Unlicensed medicines could lead to more baby deaths in England, the coroner has warned
More babies in England could die from problems caused by unlicensed medicines if healthcare providers are not obliged to report problems, a coroner has warned.
The conclusions were drawn at the end of an inquest after three babies died as a result of receiving contaminated food.
The babies all received hospital care after being born prematurely and died after receiving total parenteral nutrition (TPN) contaminated with Bacillus cereus, Southwark Crown Court heard.
Three-month-old Aviva Otte, one-month-old Oscar Barker and nine-day-old Yousef Al-Kharboush received critical nutrition through TPN. Aviva’s mother, Jedidajah Otte, is a Guardian journalist.
Otte has previously spoken about how she faced a “stubborn refusal” from doctors and nurses at St Thomas’ hospital in London to tell her what was wrong with Aviva’s health.
Aviva died in January 2014 at St Thomas’ and received TPN “provided and compounded” by the NHS under a section 10 exemption, according to a Preventing Future Deaths (PFD) report by senior coroner Dr Julian Morris.
The exemption under the Medicines Act 1968 allows organizations to legally produce tailor-made medicines without a license for specific patients experiencing niche problems.
Yousef, who also died at St Thomas’ in June 2014, and Oscar, who died the same month at Addenbrooke’s Hospital in Cambridge, received TPN produced by a “commercial supplier” – ITH Pharma, a licensed supplier and not subject to Article 10 exemption.

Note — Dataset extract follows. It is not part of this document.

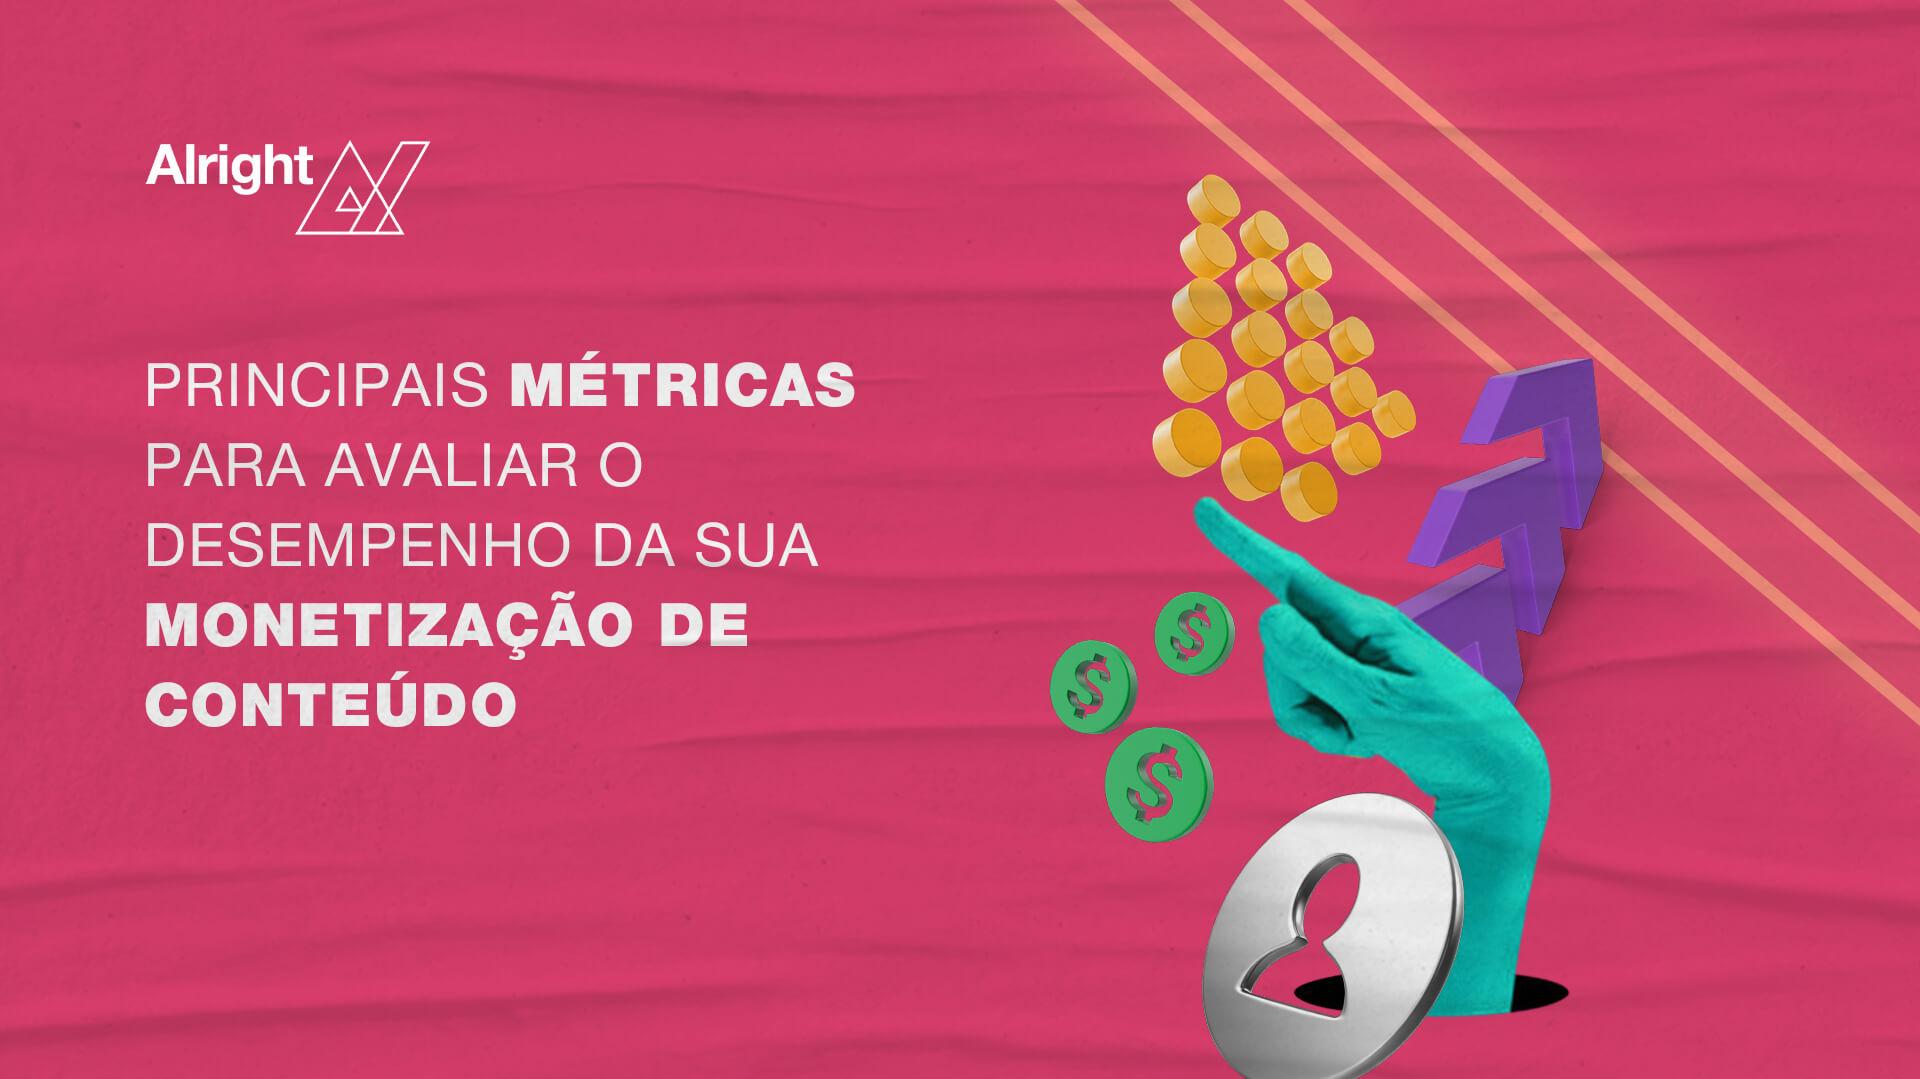 Principais métricas para avaliar o desempenho da sua monetização de conteúdo
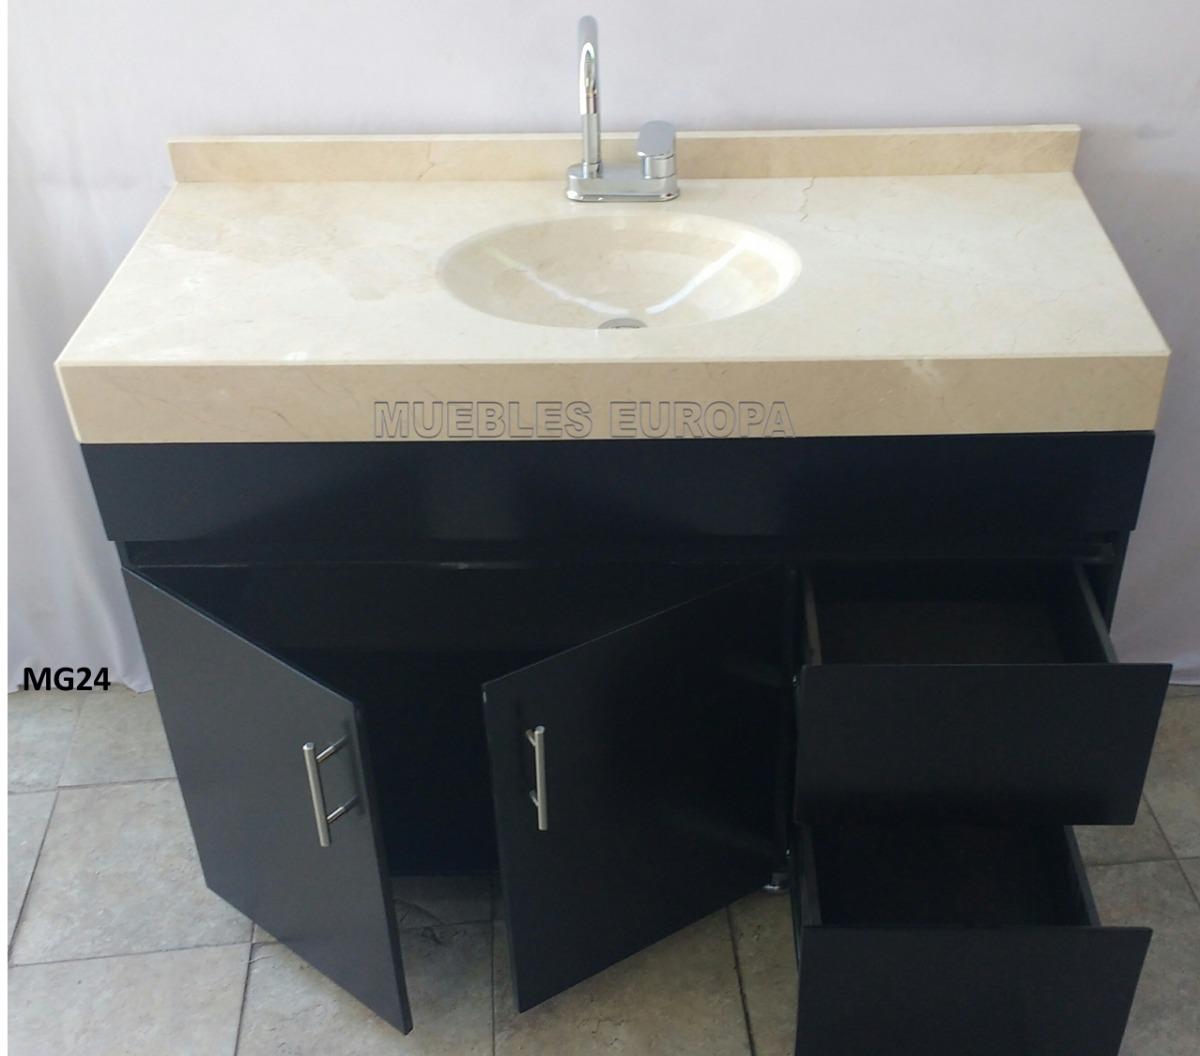 Mueble de ba o con lavabo marmol todo listo para instalar for Mueble bano con lavabo

In his report, Morris highlighted his concerns about the obligations that section 10 has placed on exempt entities to report ‘adverse events’. He said: “There is no requirement for a section 10 exempt entity to report its findings to the MHRA (Medicines and Healthcare products Regulatory Agency) or indeed to other trusts or the industry generally if an adverse event occurs.
“Current reporting structures (for a section 10 entity) include reporting to the NHSE and the CQC, but the threshold or need for such reporting appears unclear and is essentially a matter for the trust.
“There may be times when Section 10 entities reach conclusions that would assist the wider industry and assist both other trusts and commercial organizations in assessing their own risks and improving the provision of very specific medications to a group of vulnerable patients .”
He also wrote that Bacillus cereus was resistant to some cleaning methods and that ‘sporocides’ might be needed to achieve decontamination. “This was information and a conclusion reached by the trust in early 2014 and therefore before the outbreak in May-June 2014,” Morris said.
There was a risk that deaths could occur in the future unless action was taken on the concerns raised.
Recipients must respond to the report by January 8.
ITH Pharma was fined £1.2 million by a Crown Court in 2022 after providing TPN, which infected 19 premature babies in nine hospitals in 2014. The company pleaded guilty to one regulatory offense of failing to have an appropriate and sufficient risk assessment under the Occupational Health and Safety Management Regulations 1999, and two offenses under the Medicines Act 1968 , where a medicine was supplied on May 27, 2014 that was not of the nature or quality specified in the prescription
A spokesperson for ITH Pharma said: “Any information shared with ITH and the MHRA as a result of a previous outbreak in the NHS five months prior to the ITH incident could have been of real value in taking steps to address future potential prevent incidents.
“We are proud to be working with and supporting the NHS and, importantly, patients in this vital work of specialist nutrition systems. We extend our deepest condolences to all the families affected by the events of 10 years ago.
“We have done everything possible to help the senior coroner ensure that this investigation examines the full picture of both outbreaks in 2014 and we hope these findings will provide answers for families.”